From above figure, calculate force components along line CQ

$N_{BC}-W_C\cos {30}^{\circ }+N_{AC}\cos {60}^{\circ }-F_{AC}\sin {60}^{\circ }$

$N_{BC}-\left(20lb\right)\cos {30}^{\circ }+\left(10.6267lb\right)\cos {60}^{\circ }-\left(2.6567lb\right)\sin {60}^{\circ }=0$

$N_{BC}=14.3079lb$

From figure above, moment at A,

$F_{AC}r=I_A{\alpha }_A$

$\left(2.6567lb\right)\left(4in.\frac{1ft}{12in.}\right)=\left(0.0086266slug.f{t}^2\right){\alpha }_A$

${\alpha }_A=\frac{0.8855}{0.0086266}$

$=102.7rad/s^2$

Substitute ${\alpha }_C=10.27rad/s^2$ in equation A,

${\alpha }_B=2\left(10.2654rad/s^2\right)$

$=20.5rad/s^2$

Conclusion:

Cylinders A, B and C have angular acceleration of ${\alpha }_A=102.7rad/s^2$, ${\alpha }_B=20.5rad/s^2$ and ${\alpha }_C=10.27rad/s^2$ respectively

To determine

(b)

The angular velocities of cylinders A, B and C.

Explanation of Solution

Given information:

Angular velocity of cylinder A = 720 rpm

Weight of disks A and B = 5lb

Disks A and B radius = 4in

Cylinder A angular velocity,

${\omega }_A={\omega }_0-{\alpha }_{A}t$

Substitute $\begin{array}{l}{\omega }_0=720rpm\\ {\alpha }_A=102.69rad/s^2\end{array}$

${\omega }_A=\left(720rpm\frac{2\Pi rad}{60rpm}\right)-\left(102.69rad/s^2\right)t$ ........(Equation E)

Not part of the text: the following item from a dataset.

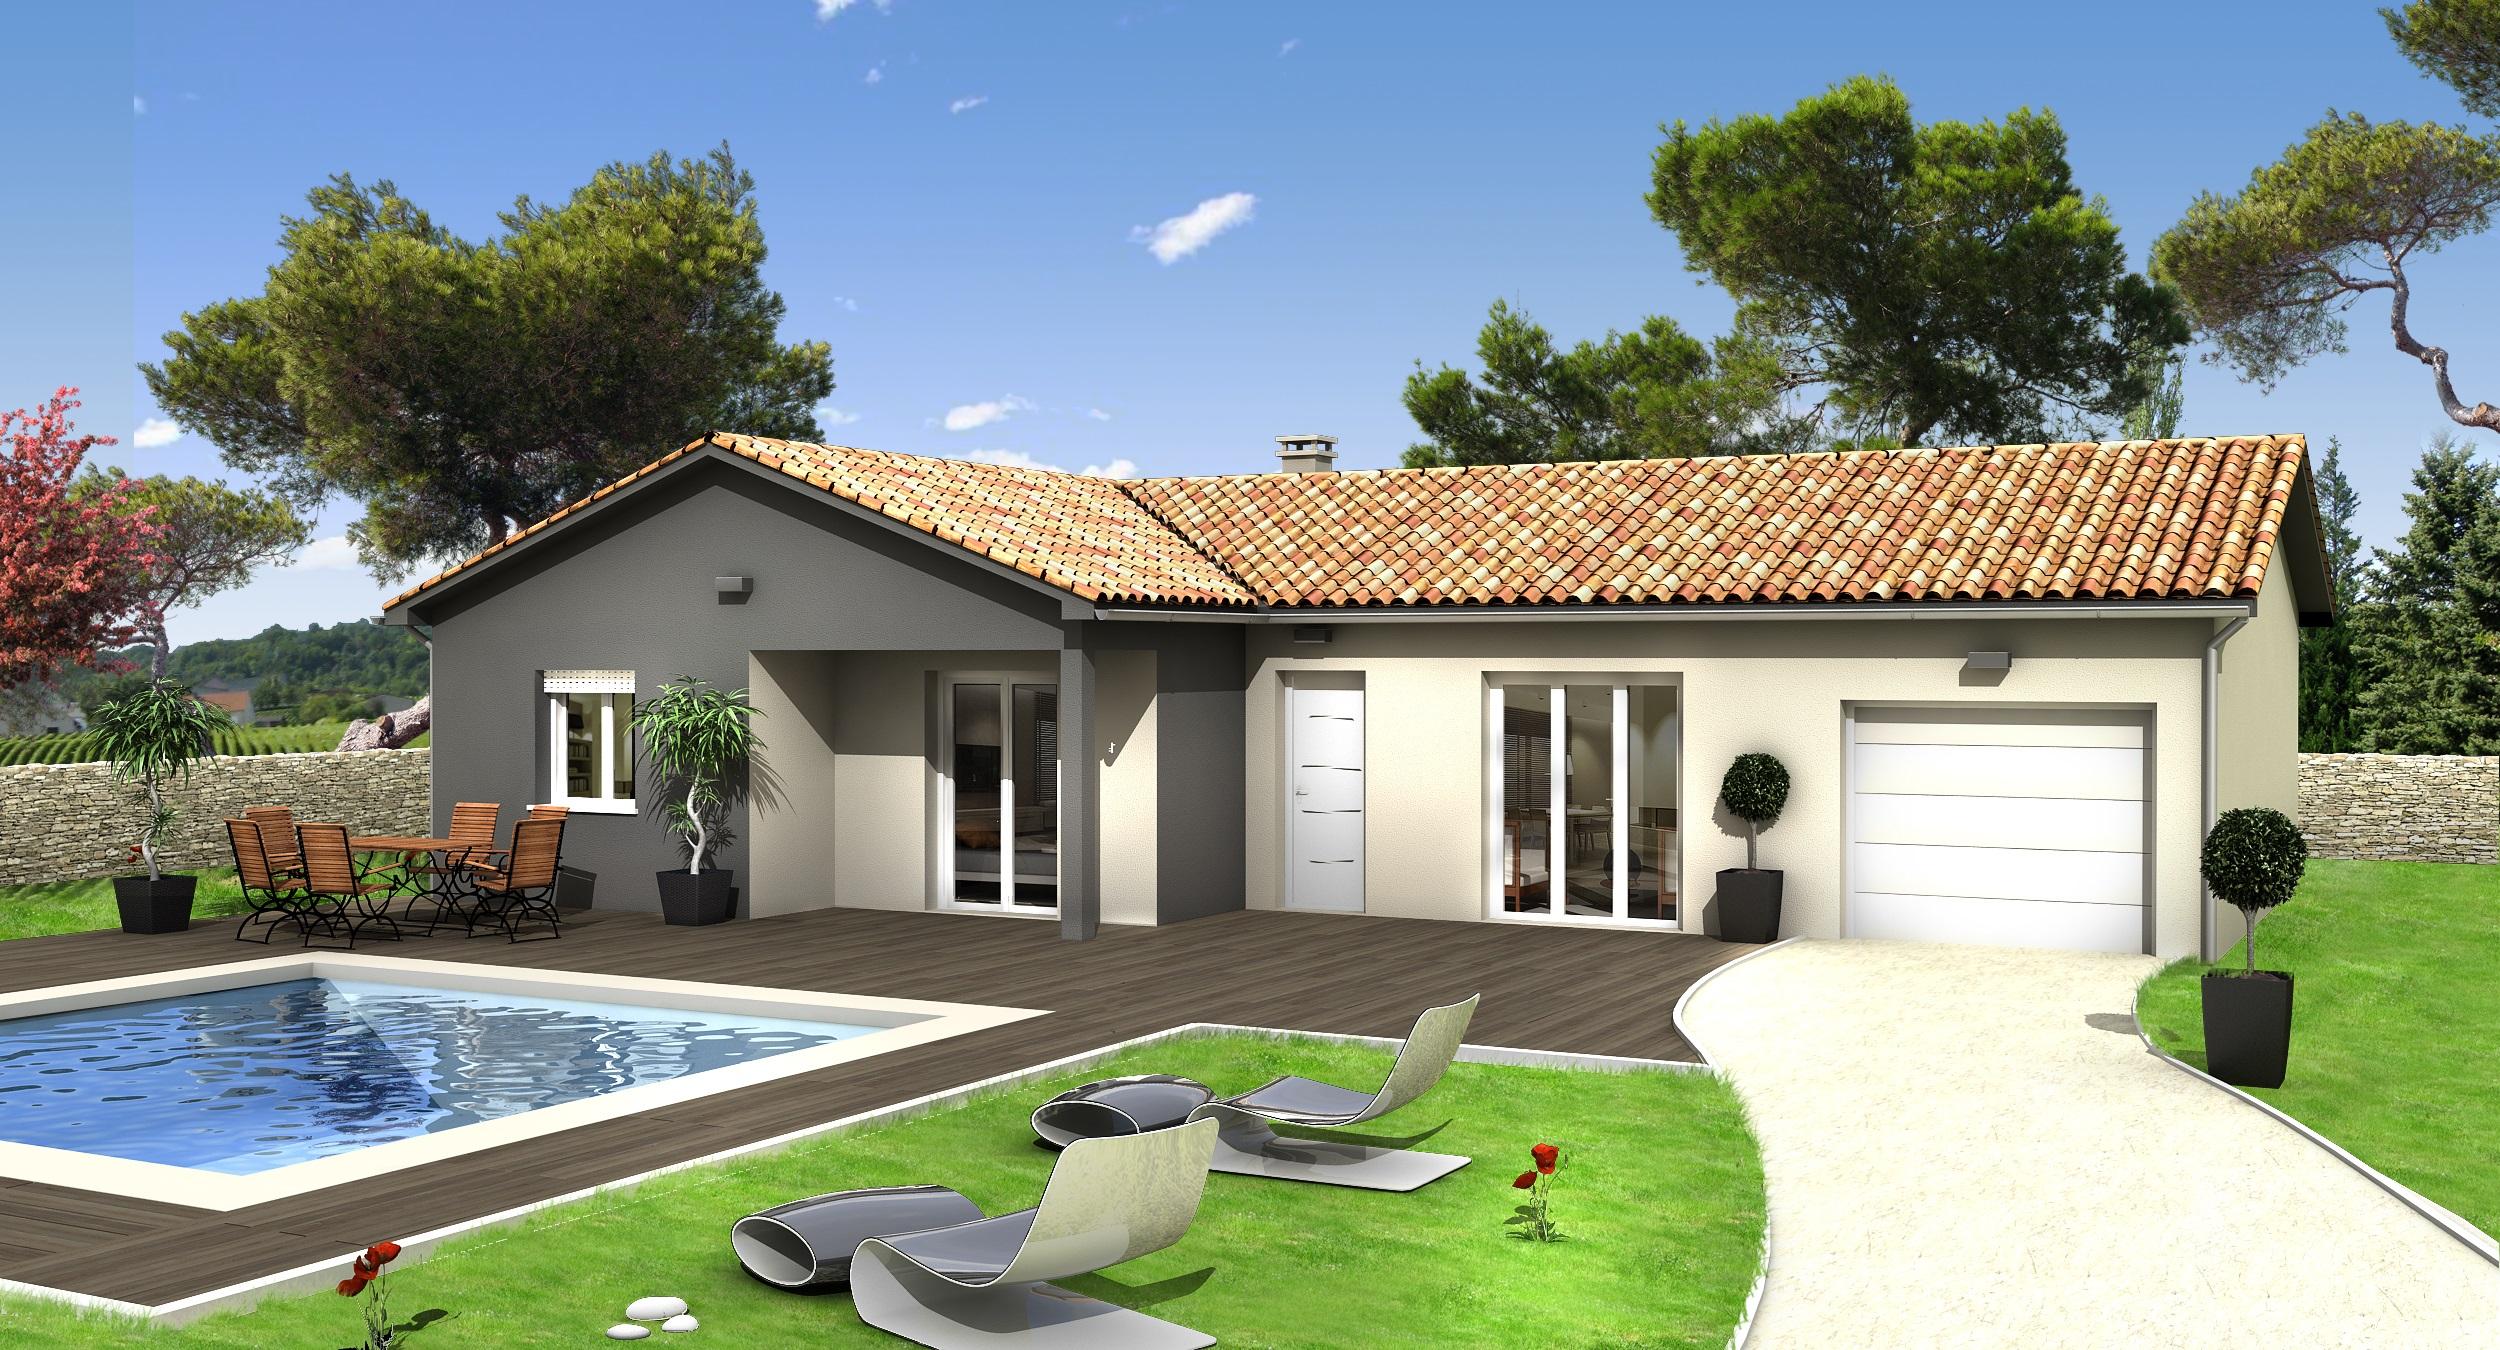 Annonce vente maison issoire 63500 100 m 205 800 for Vente maison issoire

${\omega }_A=75.3982-102.69t$

Cylinder A tangential velocity,

${\left(v_t\right)}_{AC}=r{\omega }_A$

${\left(v_t\right)}_{AC}=\left(4in.\frac{1ft}{12in.}\right)\left(75.3982-102.69t\right)$ ........(Equation F)

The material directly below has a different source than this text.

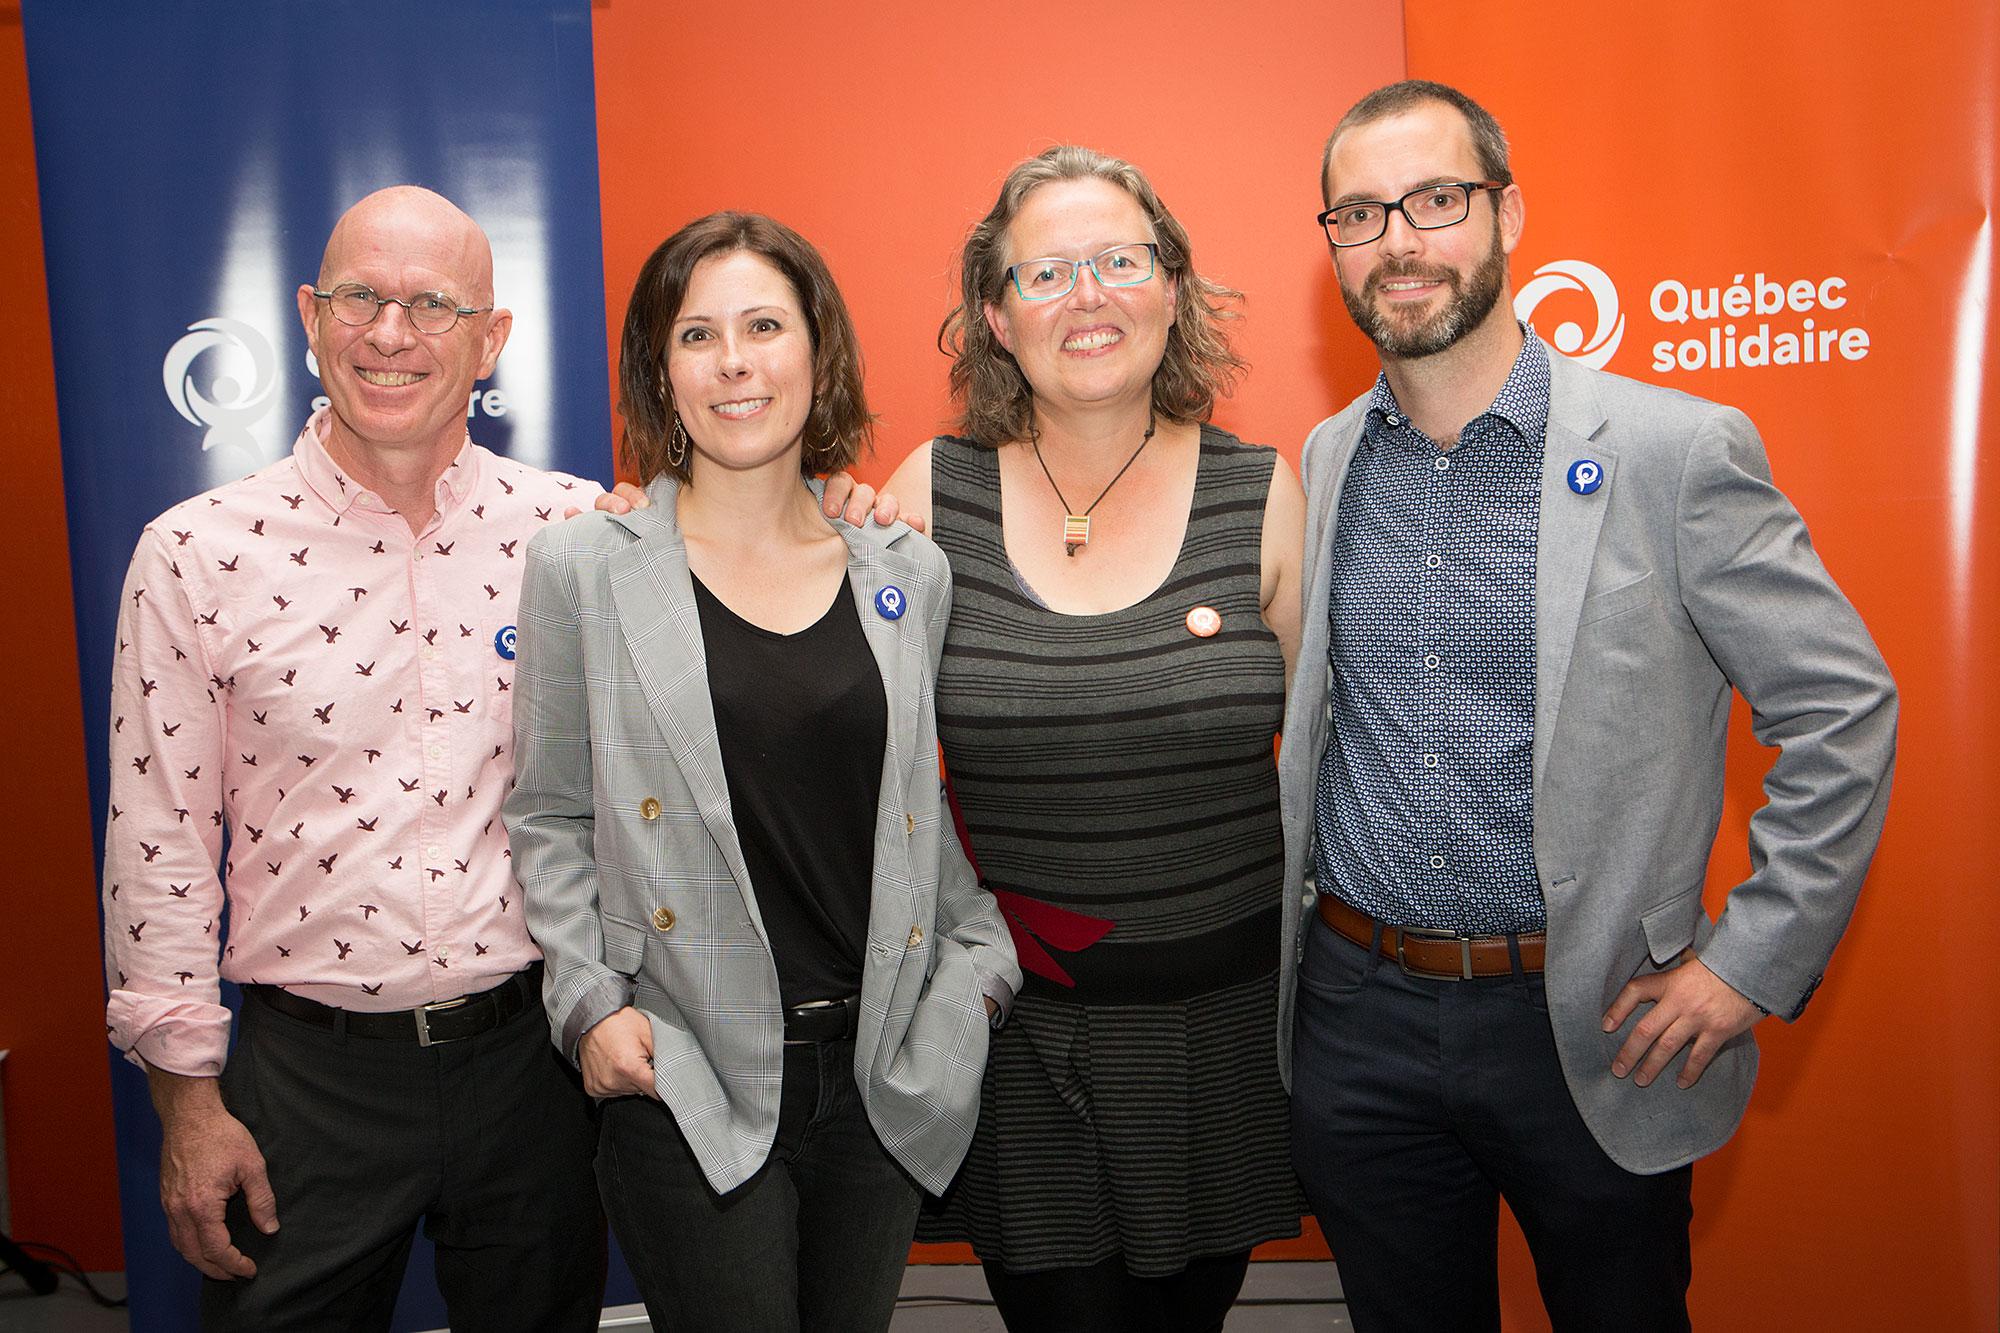 L'équipe solidaire en région confiante à l'aube de l'élection

${\left(v_t\right)}_{AC}=25.1327-34.23t$

Cylinder C angular velocity,

${\omega }_C={\alpha }_{C}t$

${\omega }_C=\left(10.2654rad/s^2\right)t$

${\omega }_C=10.2654t$ ............(Equation G)

Cylinder C tangential velocity,

${\left(v_t\right)}_{CA}=2r{\omega }_C$

${\left(v_t\right)}_{CA}=2\left(4in.\frac{1ft}{12in.}\right)\left(10.2654t\right)$ .......(Equation H)

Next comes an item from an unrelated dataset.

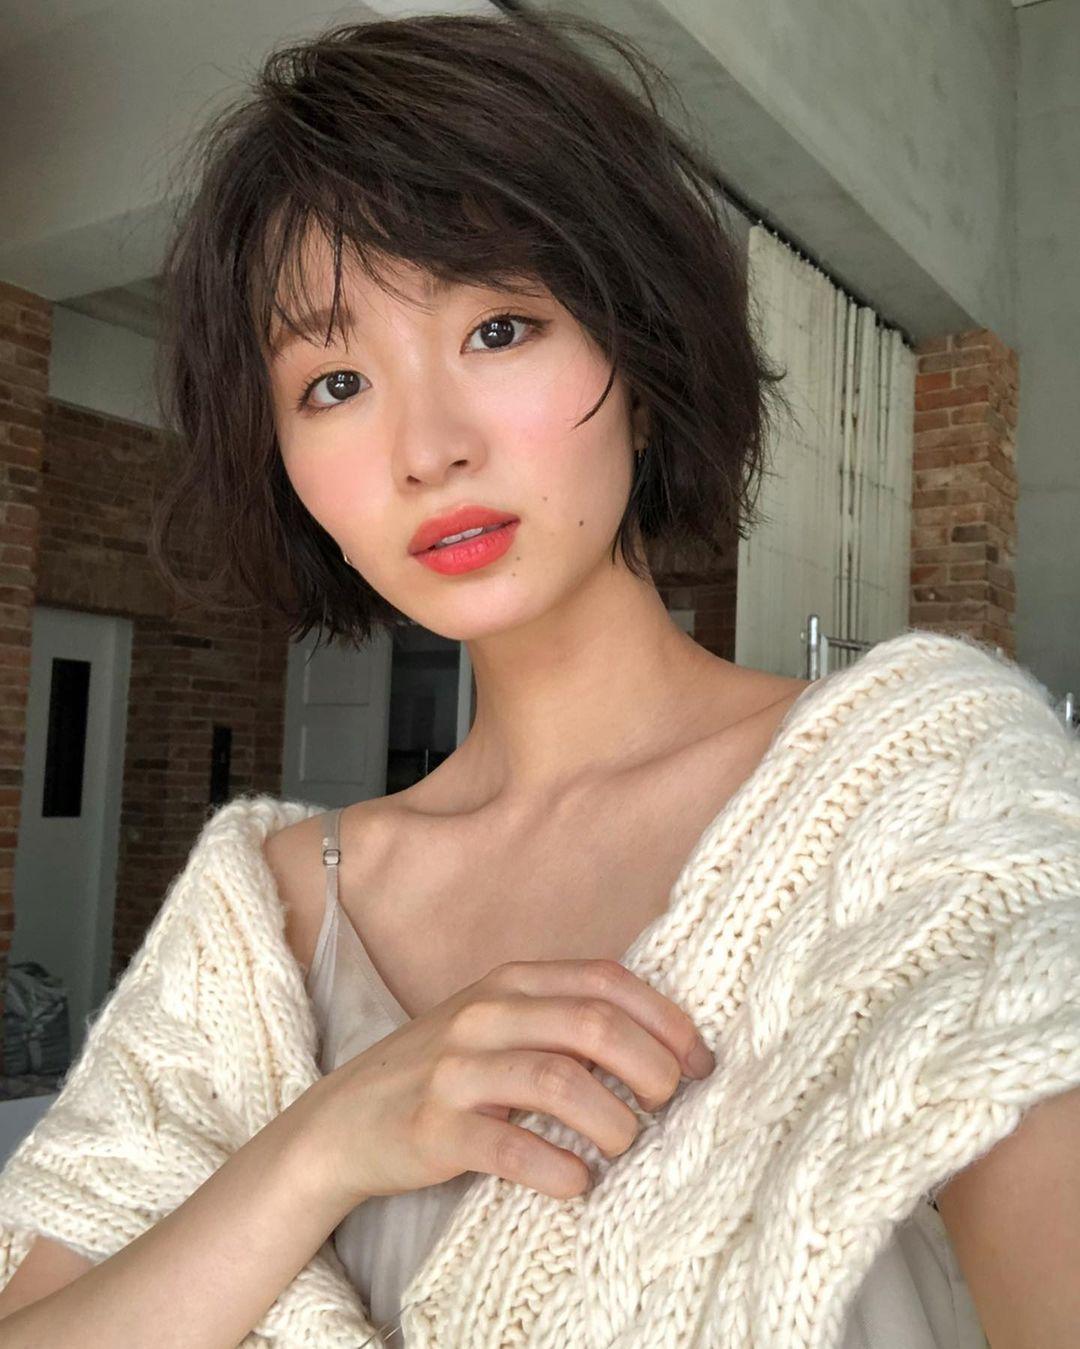 日系时尚杂志模特冈崎纱绘清甜笑容亲和力十足完全就是女友理想型 网络美女 第34张

${\left(v_t\right)}_{CA}=6.8436t$

Equate equation F and H,

$25.1327-34.23t=6.8436t$

$41.0736t=25.1327$

$t=0.6119s$

Substitute the above value in equation E,

${\omega }_A=75.3982-102.69\left(0.6119s\right)$

$=12.5621rad/s\left(\frac{60rpm}{2\Pi rad/s}\right)$

${\omega }_A=120rpm$

Substitute $t=0.6119s$ in equation G,

${\omega }_C=10.265\left(0.6119s\right)$

$=12.56rad/s\left(\frac{60rpm}{2\Pi rad/s}\right)$

${\omega }_C=60rpm$

Cylinder B angular velocity,

${\omega }_B={\alpha }_{B}t$

${\omega }_B=\left(20.5rad/s^2\right)\left(0.6119s\right)$

$=\left(12.5439rad/s\right)\left(\frac{60rpm}{2\Pi rad/s}\right)$

${\omega }_B=120rpm$

Hence, thecylinders A, B and C have angular velocities of ${\omega }_A=120rpm$, ${\omega }_B=120rpm$ and ${\omega }_C=60rpm$ respectively.